Example 1: Simple Condition with If-Else Logic

 1
 2
 3
 4
 5
 6
 7
 8
 9
10
11
<condition>
    <if condition="category_id == 'DRNK/ALCO'">
        <echo>Category: DRNK/ALCO</echo>
    </if>
    <else-if condition="category_id == 'FOOD/CONF'">
        <echo>Category: FOOD/CONF</echo>
    </else-if>
    <else>
        <echo>Category not found</echo>
    </else>
</condition>

In this example, based on the value of category_id, the appropriate message is printed.

  • If category_id is 'DRNK/ALCO', the first <if> block is executed.
  • If category_id is 'FOOD/CONF', the <else-if> block is executed.
  • If neither condition is met, the <else> block is executed.

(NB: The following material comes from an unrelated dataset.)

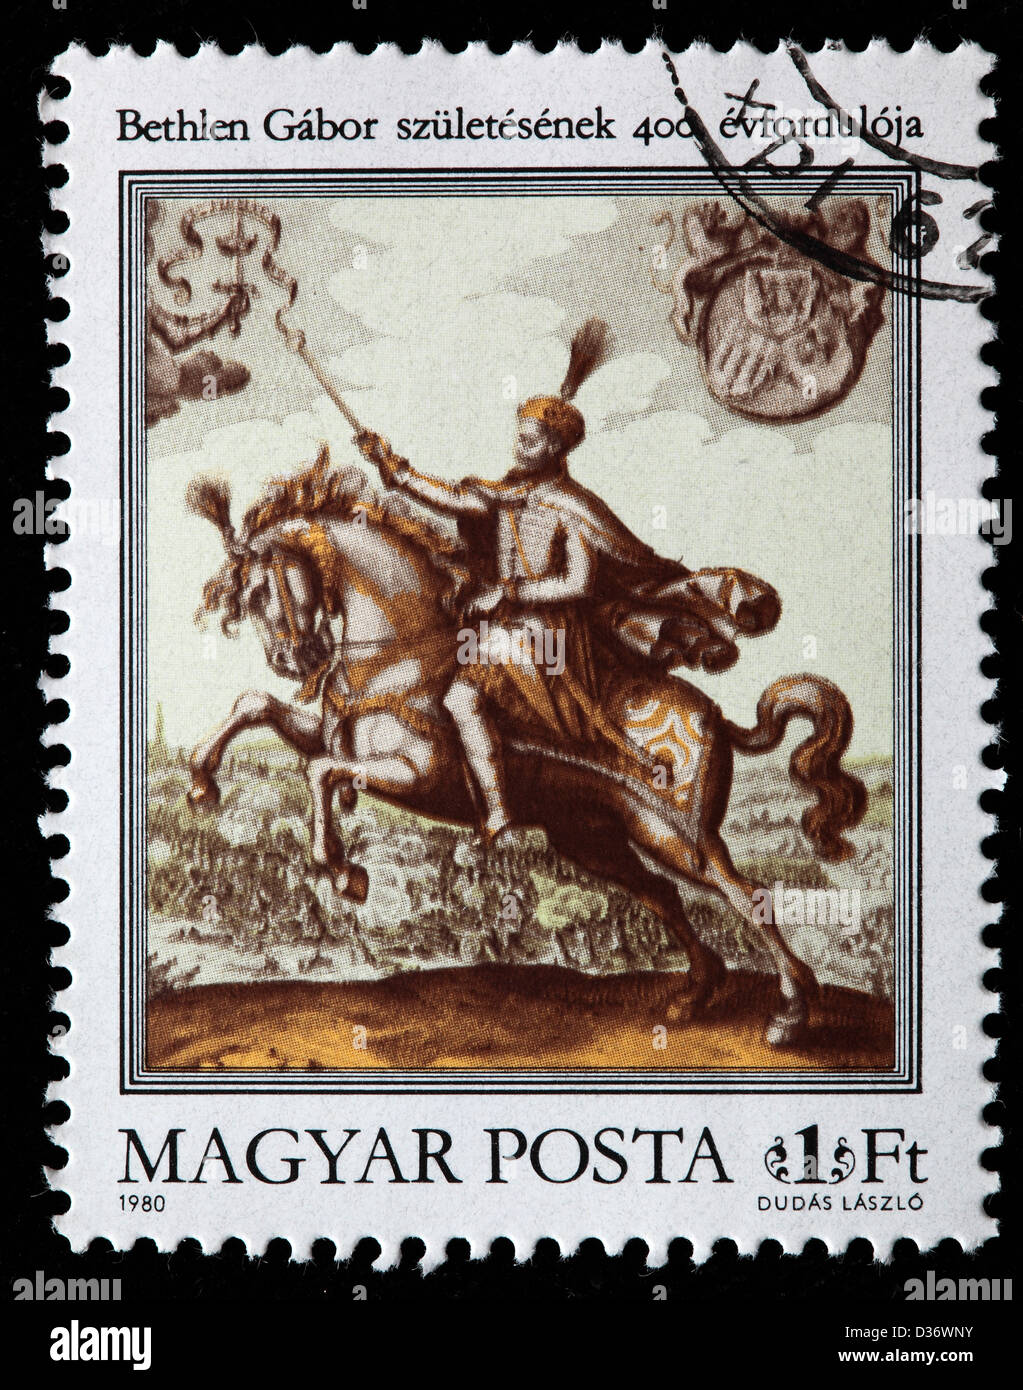 Gabor Bethlen, postage stamp, Hungary, 1980 Stock Photo

Example 2: Complex Condition with Nested Keys and Default Values

 1
 2
 3
 4
 5
 6
 7
 8
 9
10
11
12
13
14
15
16
17
18
<setup>
    <generate name="group_name_not_override" count="10">
        <variable name="ifVar" generator="BooleanGenerator"/>
        <variable name="elseIfVar" generator="BooleanGenerator"/>

        <condition>
            <if condition="ifVar">
                <key name="if_true" constant="true"/> <!-- Generated if ifVar = True -->
            </if>
            <else-if condition="elseIfVar">
                <key name="else_if_true" constant="true"/> <!-- Generated if ifVar = False and elseIfVar = True -->
            </else-if>
            <else>
                <key name="else_true" constant="true"/> <!-- Generated if ifVar = False and elseIfVar = False -->
            </else>
        </condition>
    </generate>
</setup>

In this example, two variables (ifVar and elseIfVar) are generated using a Boolean generator, and depending on their values, one of the <key> elements (if_true, else_if_true, or else_true) will be generated:

  • If ifVar is True, if_true is generated.
  • If ifVar is False and elseIfVar is True, else_if_true is generated.
  • If both conditions are False, else_true is generated.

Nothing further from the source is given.